| Problem |
May I please have every record restated word for word, with the images left out?

..............................

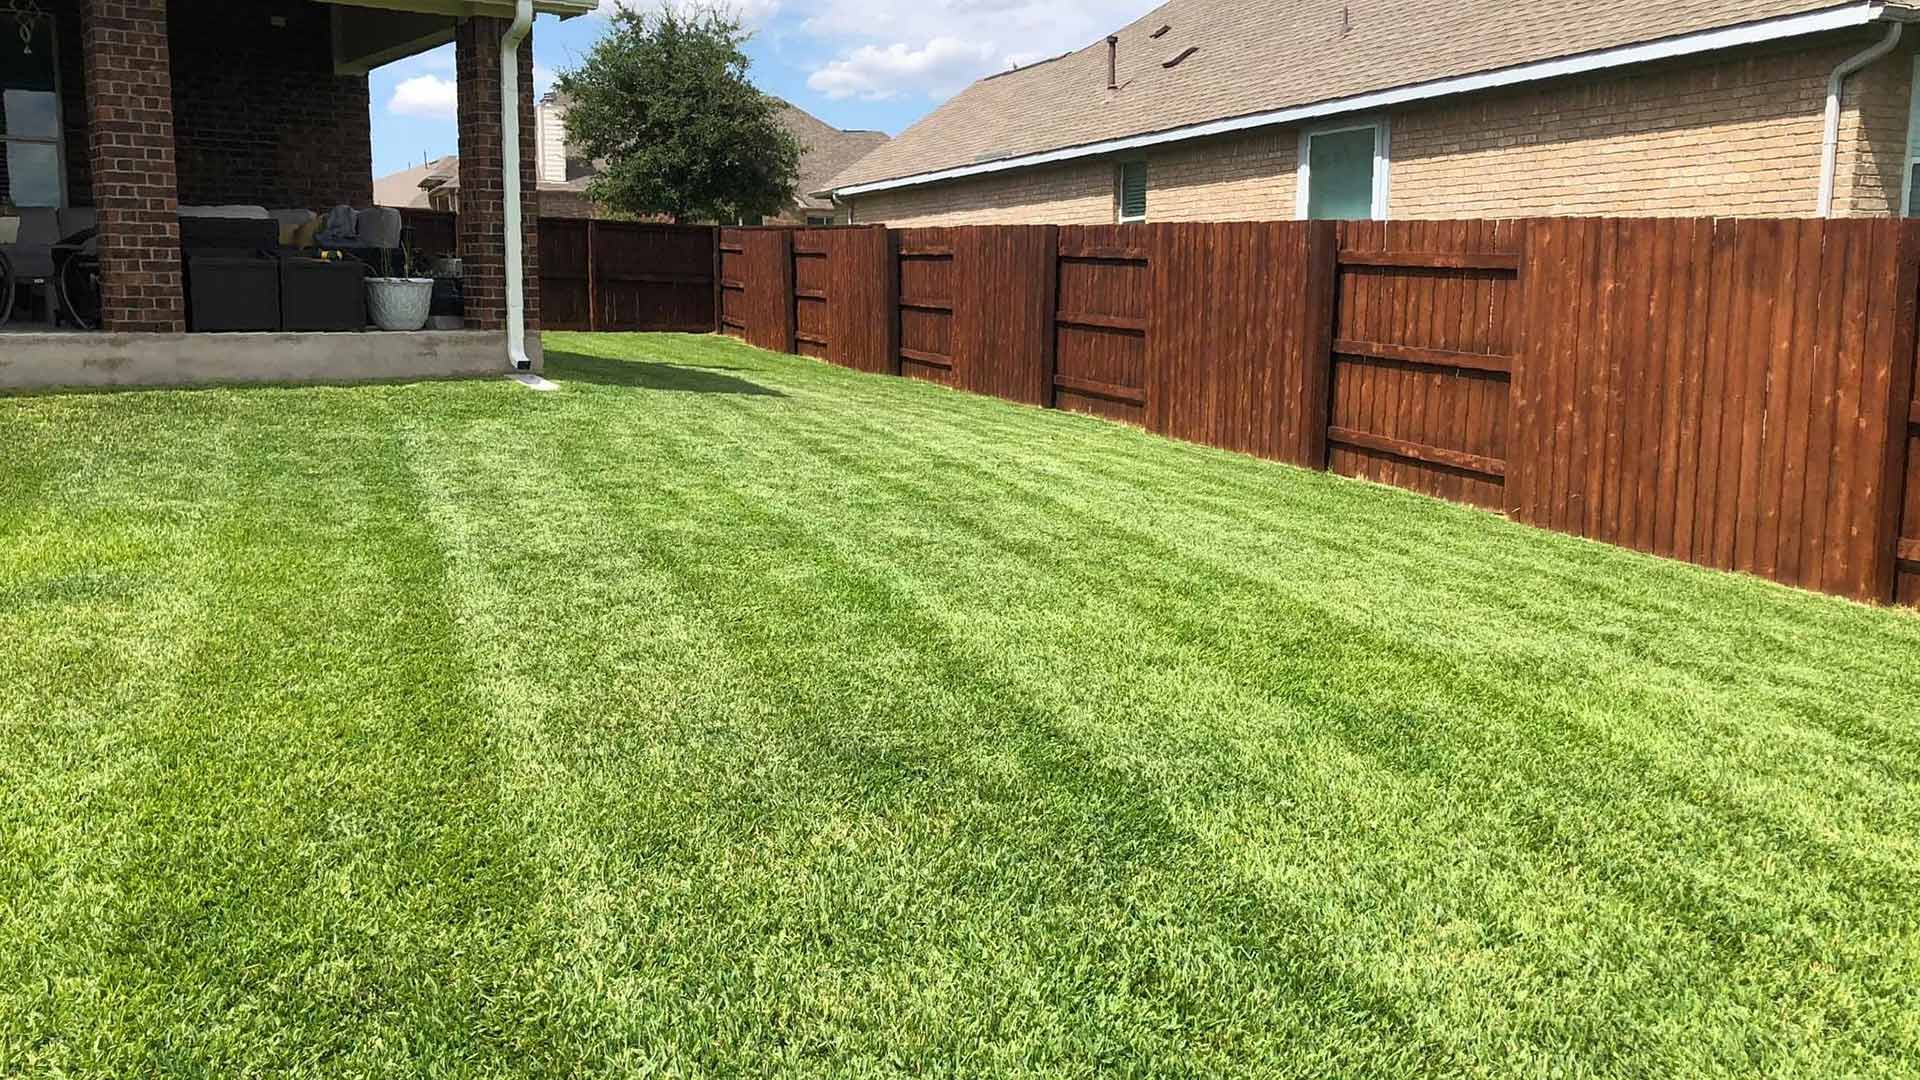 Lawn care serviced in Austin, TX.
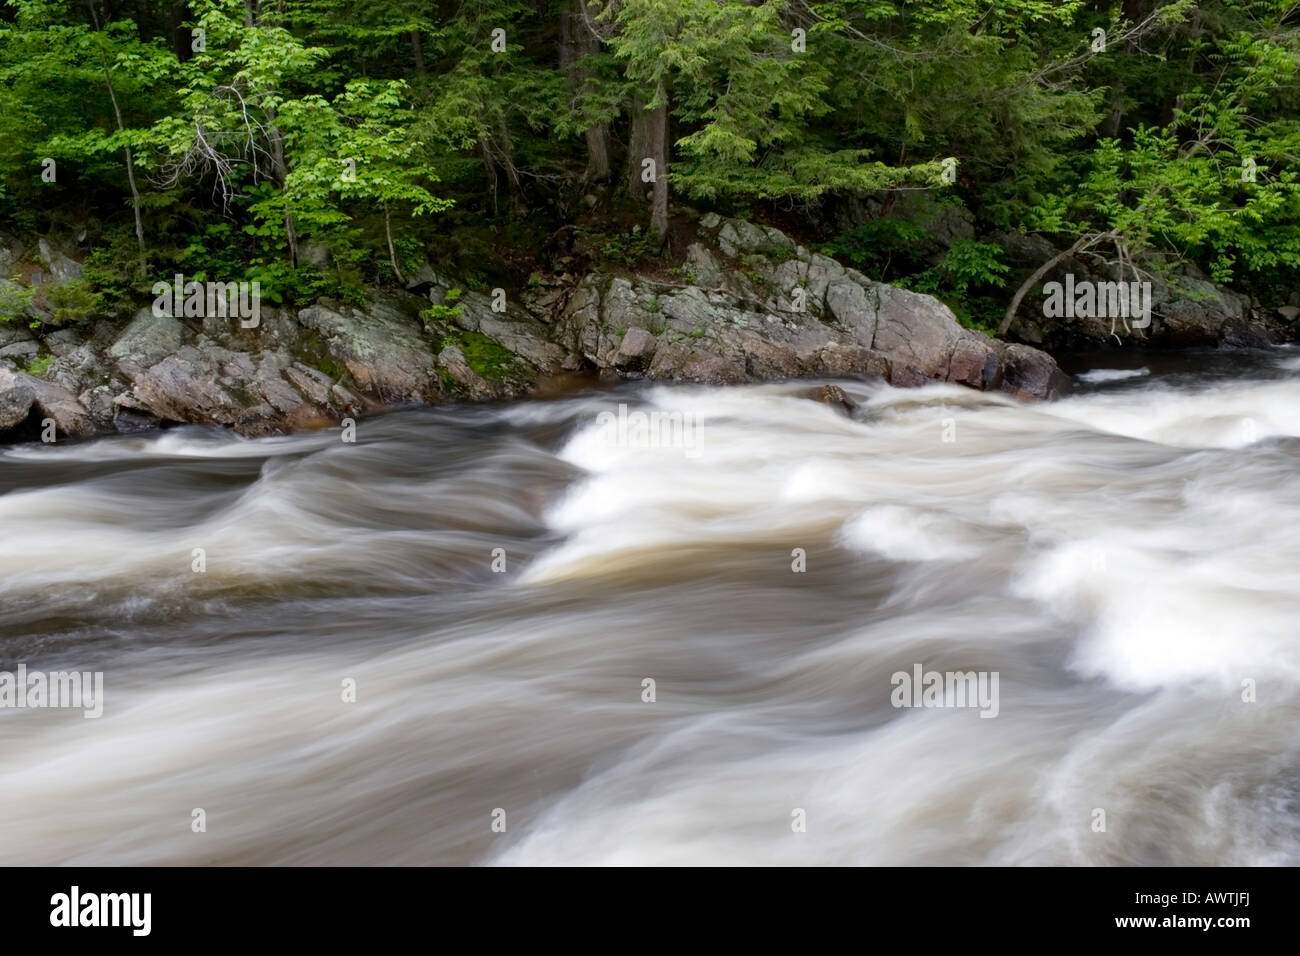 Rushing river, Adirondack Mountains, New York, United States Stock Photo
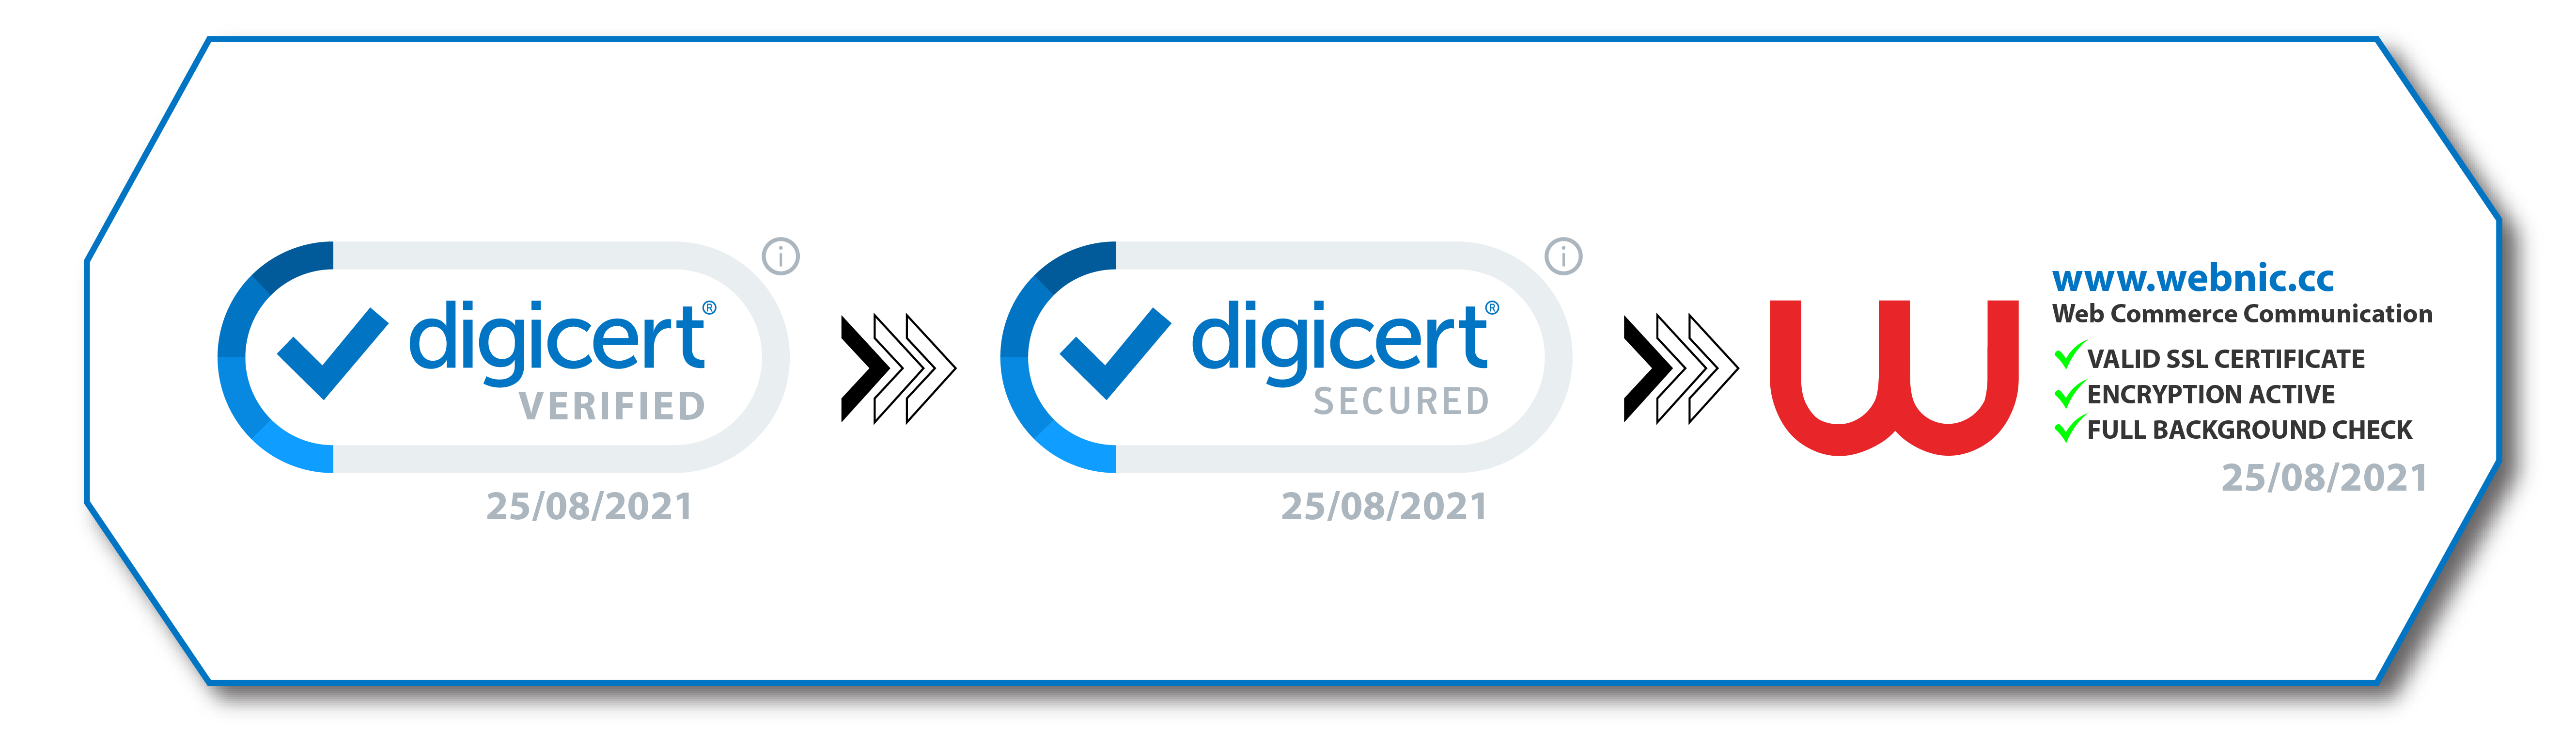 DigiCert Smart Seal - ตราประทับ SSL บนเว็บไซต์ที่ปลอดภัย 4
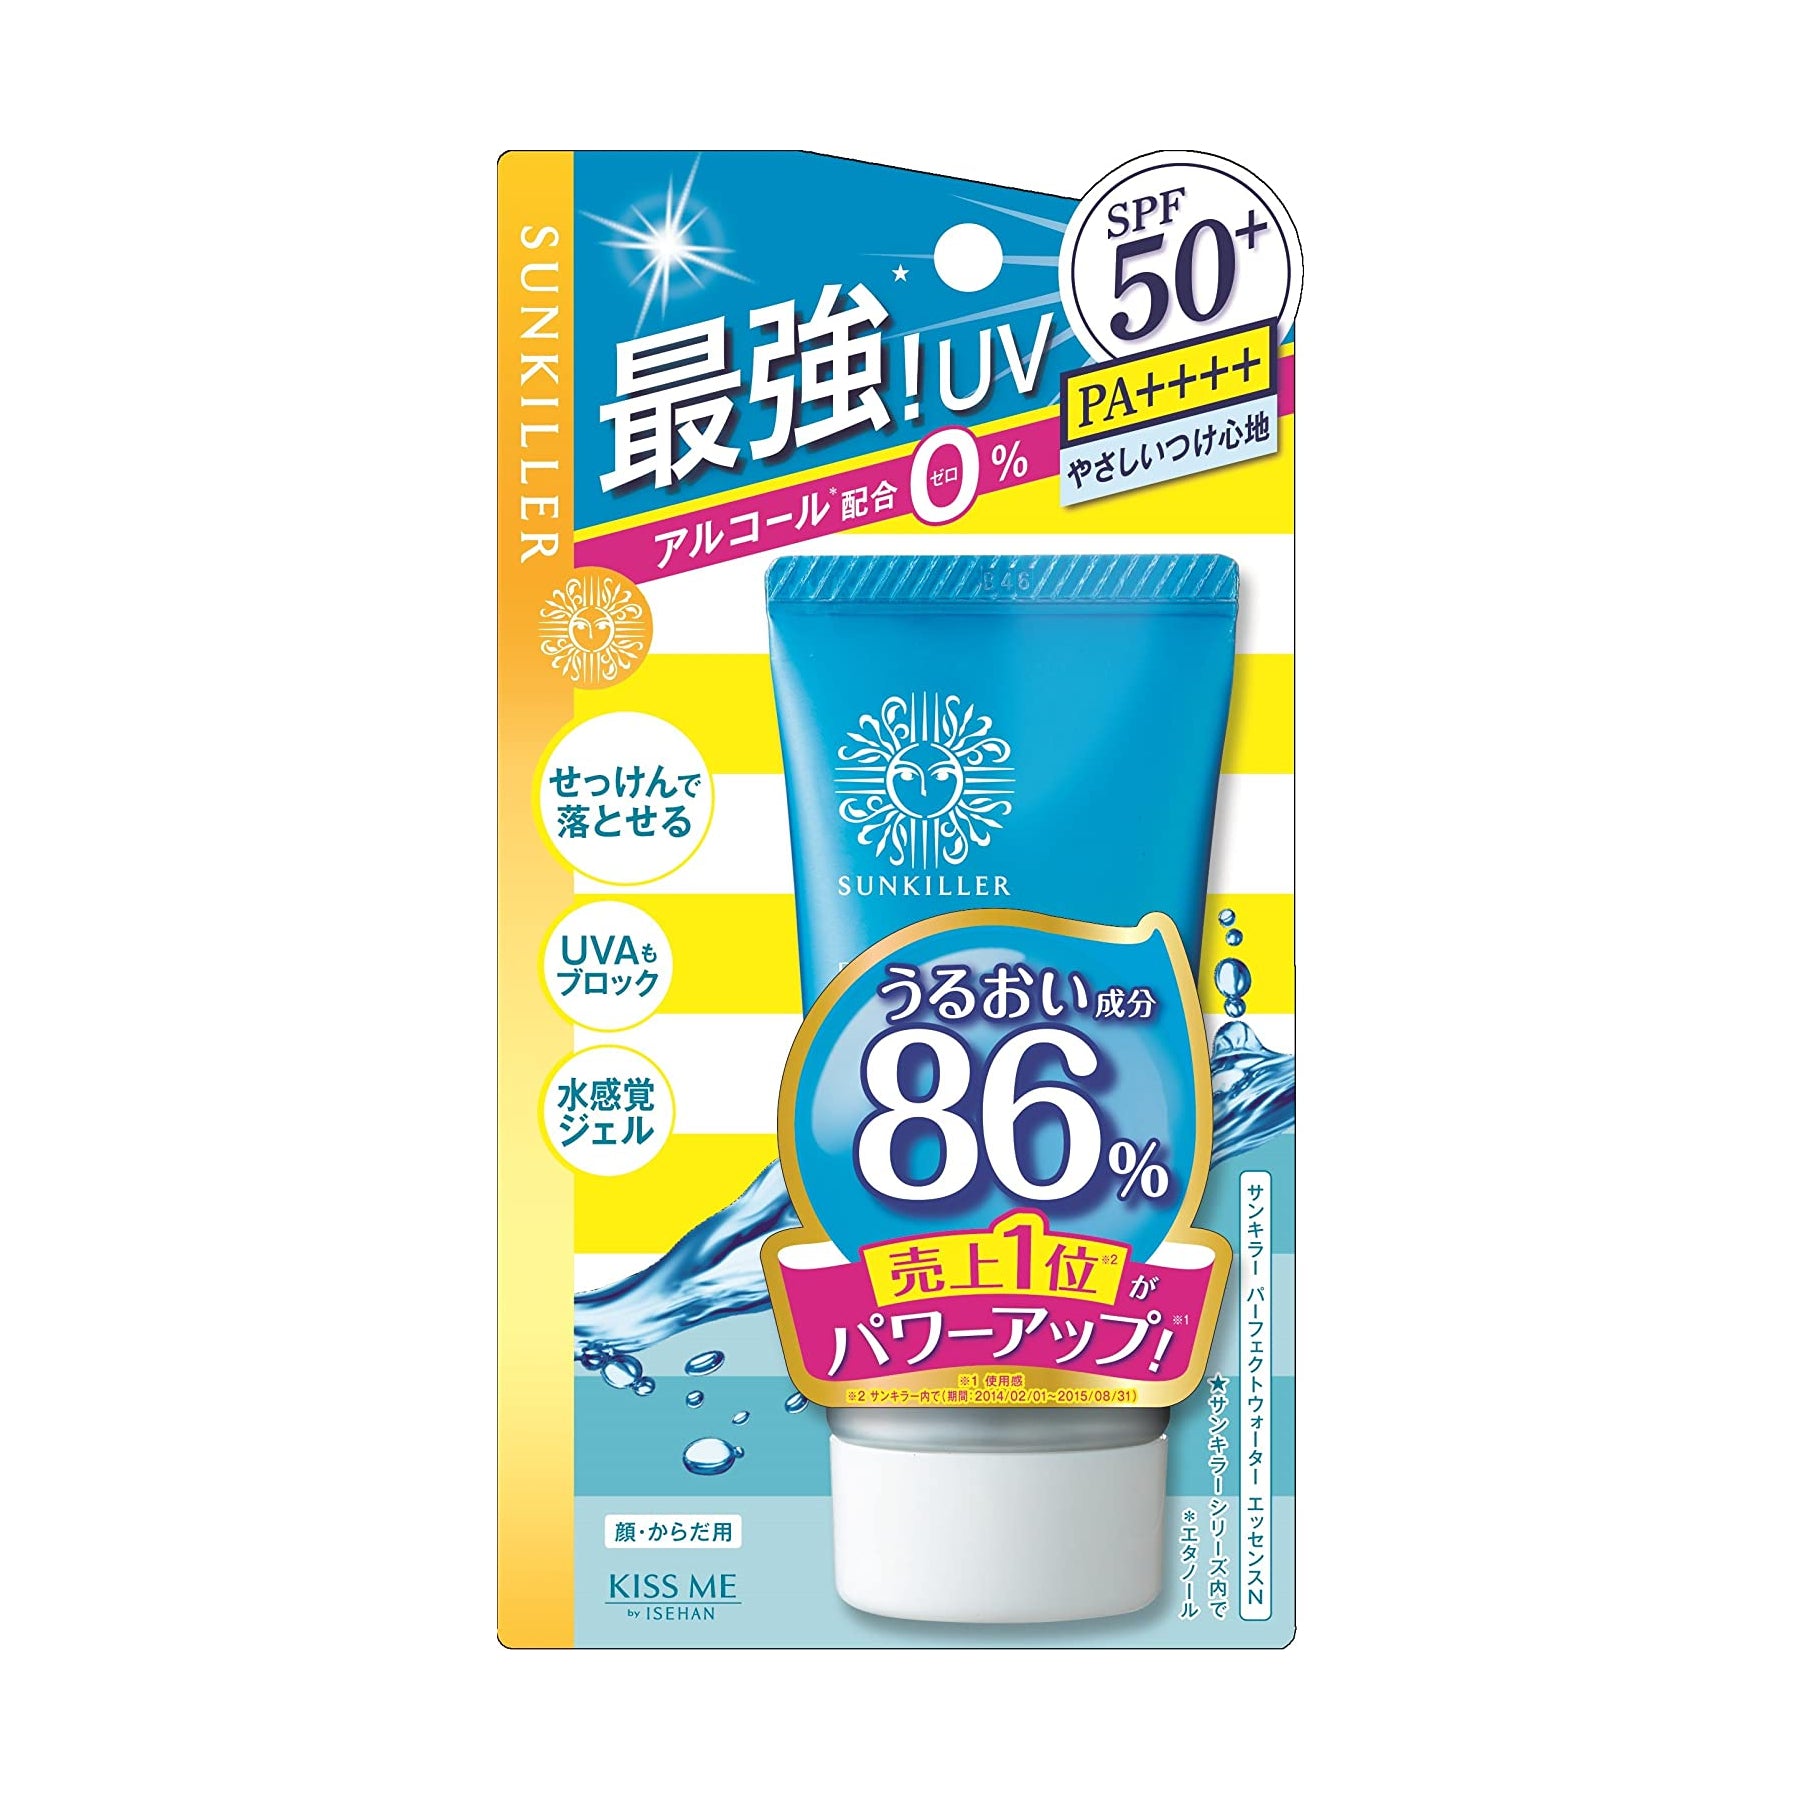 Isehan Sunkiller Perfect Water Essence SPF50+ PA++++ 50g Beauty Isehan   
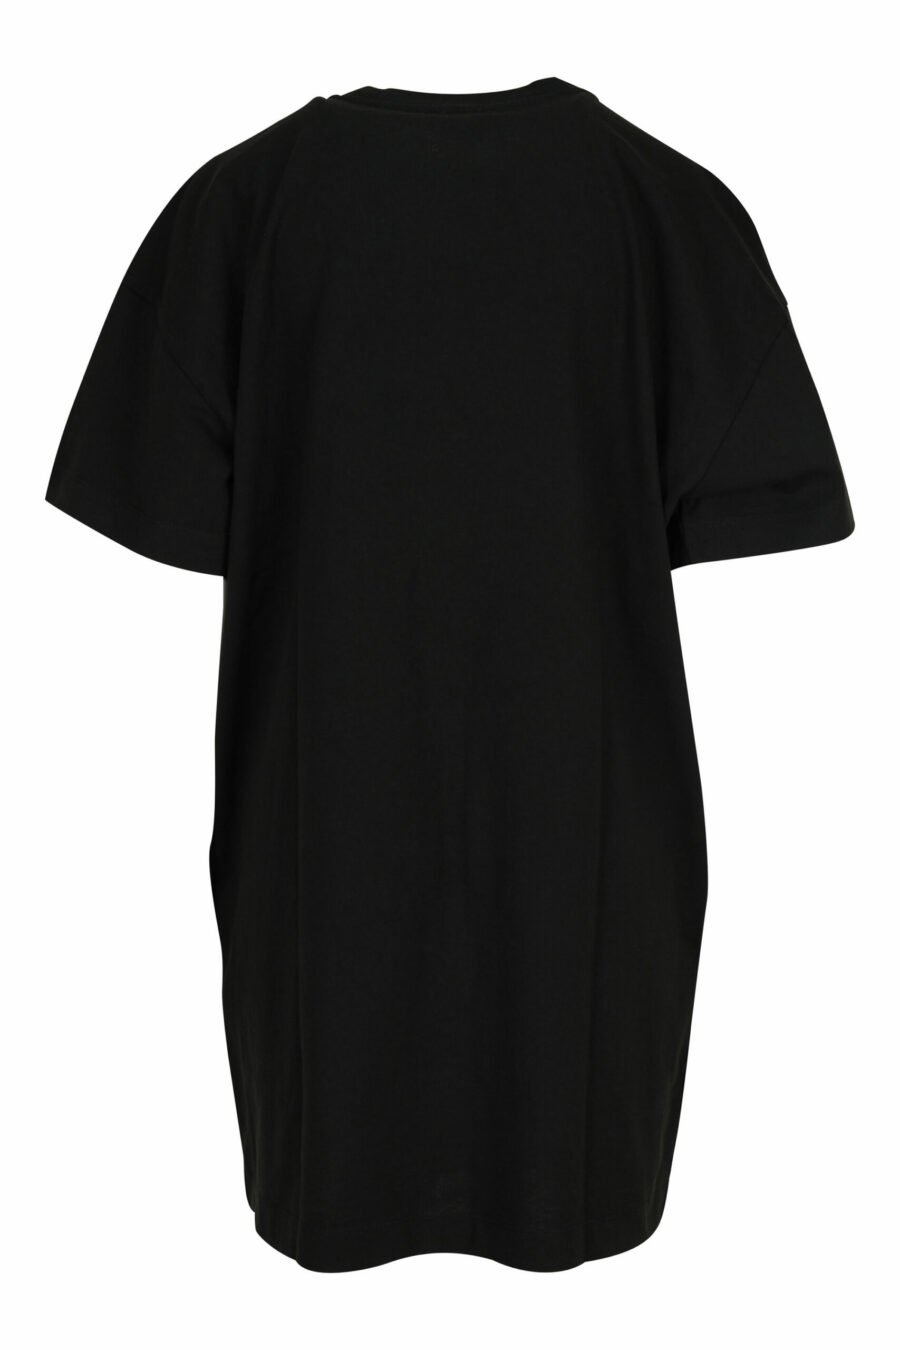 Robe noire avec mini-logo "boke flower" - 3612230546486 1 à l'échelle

..............................

| Problem solution |
 Lawn care serviced in Austin, TX.
 Rushing river, Adirondack Mountains, New York, United States Stock Photo
 DigiCert Smart Seal - ตราประทับ SSL บนเว็บไซต์ที่ปลอดภัย 4
 Isehan Sunkiller Perfect Water Essence SPF50+ PA++++ 50g Beauty Isehan   
 Robe noire avec mini-logo "boke flower" - 3612230546486 1 à l'échelle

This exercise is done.